Semeraro on Scrutiny for Property Rights
Steven Semeraro (Thomas Jefferson School of Law) has posted Is There a Sweet Land of Property?: The History, Symbols, Rhetoric, and Theory Behind the Ordering of the Rights to Liberty and Property in the Constitutional Lexicon on SSRN. Here is the abstract:
This article critiques the property rights movement‘s position that courts should scrutinize property regulation to the same extent that they now scrutinize fundamental liberty-based claims. At its root, the debate over the proper degree of scrutiny for property rights claims is a debate about the appropriate scope of a society‘s freedom to organize and reshape itself in search of a greater good. Strict scrutiny of regulation truncates the debate, demanding that we privilege what has been to guard against the hazards of the unknown. Greater judicial deference, by contrast, frees us to seek, through governmental actors pursuing the public interest, a better, more fulfilling society at the risk that we will fail.

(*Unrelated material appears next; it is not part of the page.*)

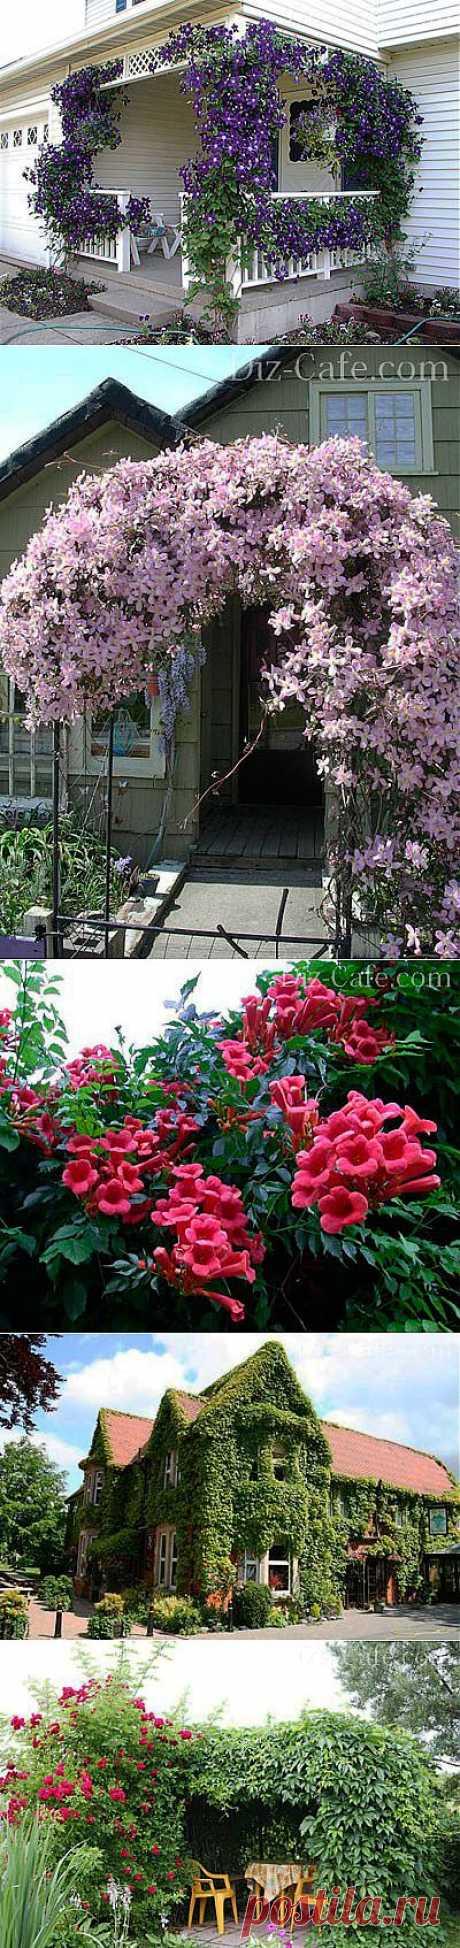 Декоративные лианы для сада - многолетние и однолетние варианты

Reviewing an array of arguments based on (1) intellectual and social history, (2) the rhetoric of modern jurisprudence, and (3) property law theory, this article shows that the movement‘s adherents have failed to make their case for strict scrutiny of property regulation. This article‘s critical assessment of the property rights movement cannot establish that judicial deference to legislative judgment in property rights cases is necessarily morally superior to more probing scrutiny. That the property rights movement has made virtually no progress more than two decades after it began, however, casts some measure of doubt on the possibility that it ever will.
.Recommended.
I wonder what Semeraro would say to the originalists who believe that protection of property rights would have been understood as located in the privileges or immunities clause of the 14th ( with respect to the states) and the 9th (with respect to federal action)? Neither provision receives a mention.